For the nine months ended September 30, 2019, vehicle unit sales trailed those in 2018 by 1.6% nationally. Various industry analysts have held to their belief that 2019 vehicle sales will not reach 2018 levels and fail to break the 17 million unit threshold for the first time since 2014.
Data
Our results are based on the compilation and analysis of our dealer clients’ financial statements for the nine months ended September 30, 2019, compared with the same period from the prior year.
Profitability
- On average, dealer profits remained flat year over year.
- Our analysis indicates that approximately 52% of large (sales >$30MM) dealerships saw profitability rise while only 48% of smaller (sales <$30MM) dealerships experienced an increase in profitability.
Overall Dealership Total Sales
- Despite declining new sales, approximately 62.5% of dealerships still reported increased overall sales. This is due to stronger results from other departments (used, service and parts). However, this is down from the 70% that reported increases in 2018.
- Among those with sales gains, 43%reported increases greater than 10%.
- On average, overall dealership sales increased nearly 6%, a solid increase considering the drop in new sales. The 2018 results showed a 4.75% increase from 2017.
Expenses
- 63% of dealers saw their variable expenses increase. As the unemployment rate hovers at historical lows and the minimum wage continues to rise, dealers are finding it necessary to revise pay plans to retain and attract sales staff.
- Personnel expenses continue to rise. Over 80% of dealerships have seen these costs increase. In order to obtain and retain employees, dealers have had to entice them with more lucrative compensation. On average, personnel costs have risen over 8%.
- Semi fixed expenses continue to rise with nearly 58% of dealers seeing their expenses grow. Many dealerships categorize floor plan interest and advertising in this category. Rising interest rates have driven the cost of funds higher. Semi fixed expenses have increased on average nearly 3.9%.

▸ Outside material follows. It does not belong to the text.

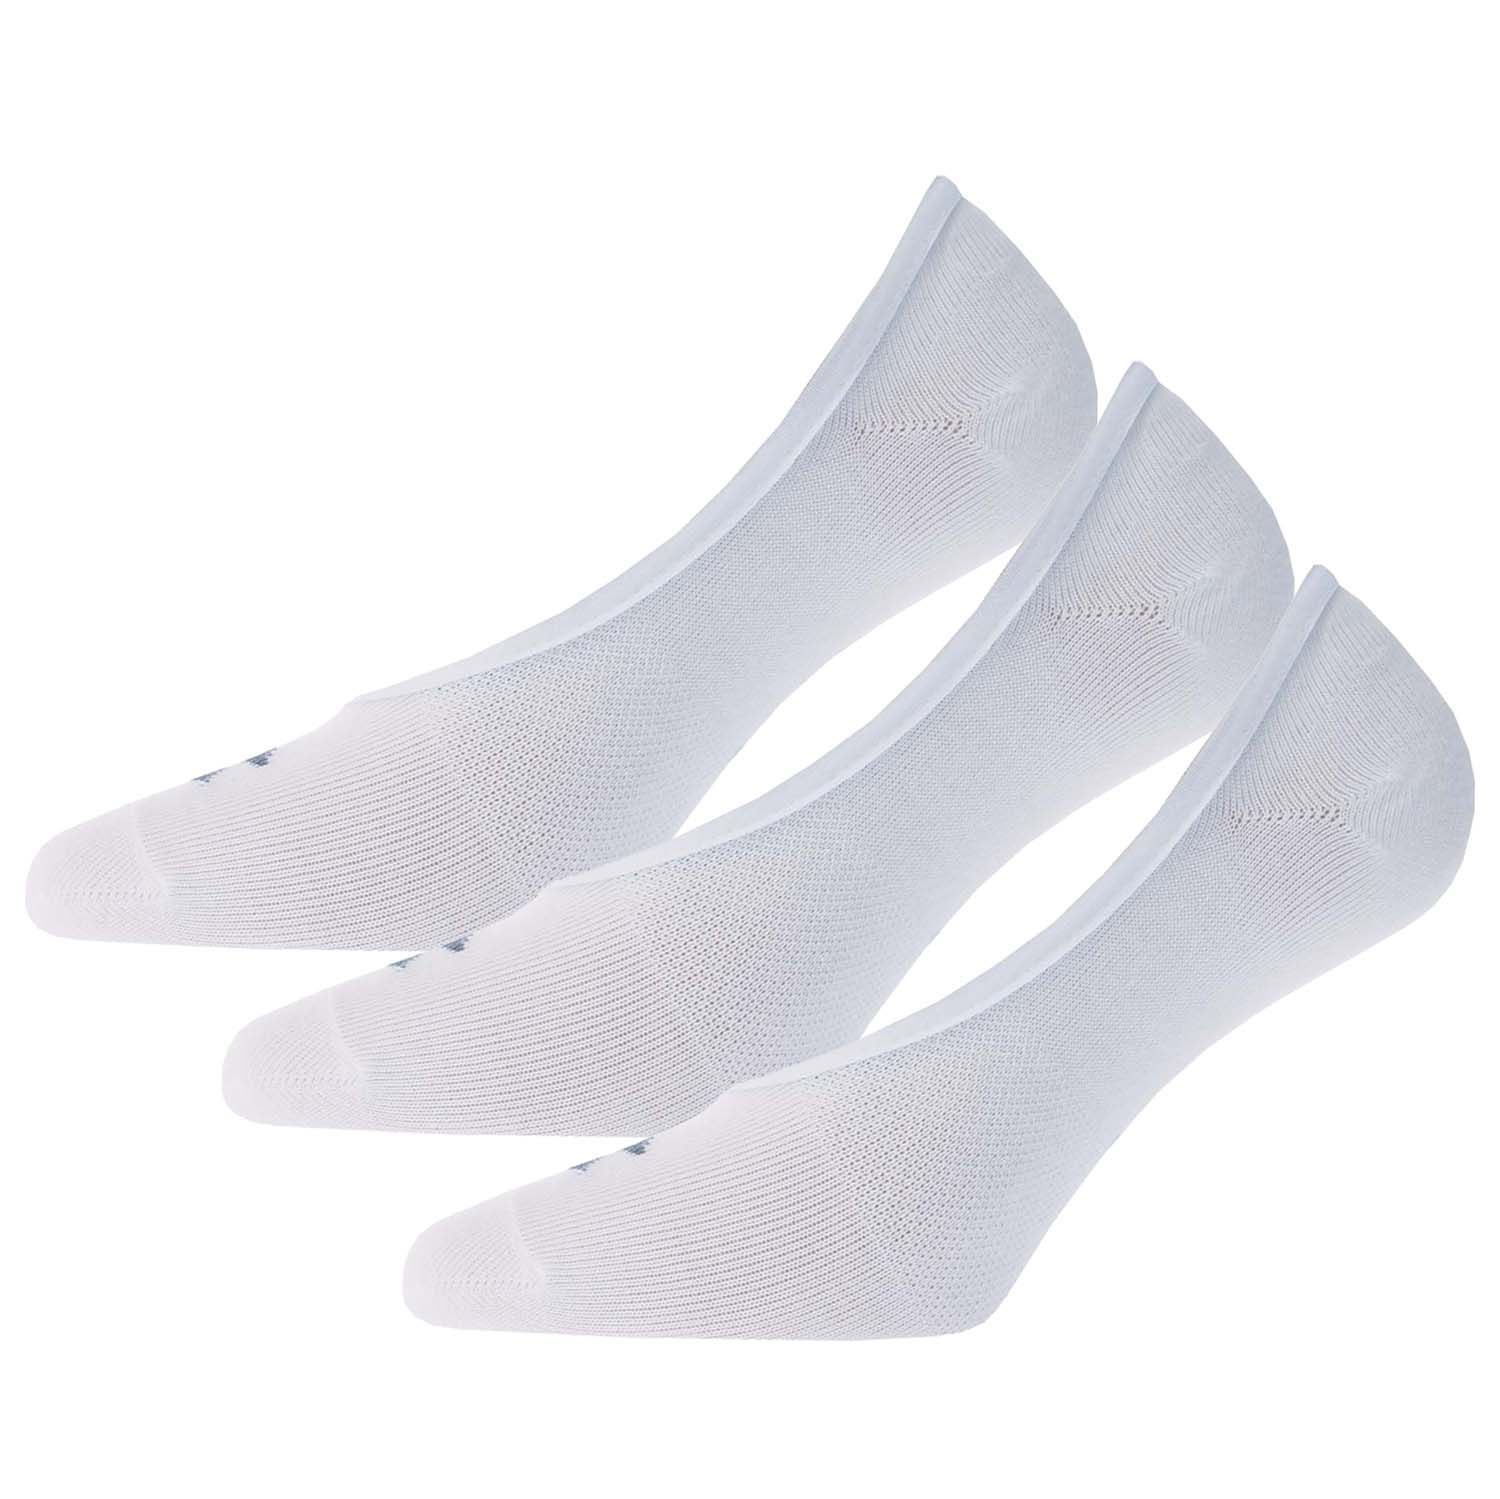 Under Armour Essential 3- Pack Lolo Liner Socks in white.- Three pairs per pack. - Lightweight socks are soft & comfortable.- No-slip silicone heel grip & elastic trim binding help keep your socks in place.- Ultra-low design can be worn with even our lowest cut training shoes.- Material wicks sweat and dries really fast.- Anti-odor technology helps prevent odor in the sock.- Ultra-thin & light construction for a barely there feel.- 91% Polyester  6% Nylon  3% Elastane.- Ref: 1361148400

- Just over 50% of dealerships experienced an increase in fixed expenses though the increase wasn’t as severe as it was in prior years. Overall, fixed expenses increased on average 2.5% compared to an 8.25% increase in 2018. For many dealers, the costs in this category have begun to stabilize.
While a majority of dealers continue to see dealership sales grow, operating costs continue to climb and margins on vehicles sales remain tight. These factors have caused profits to stagnate. Successful dealers must continue to concentrate on all aspects of their business in order to maintain and grow profitability.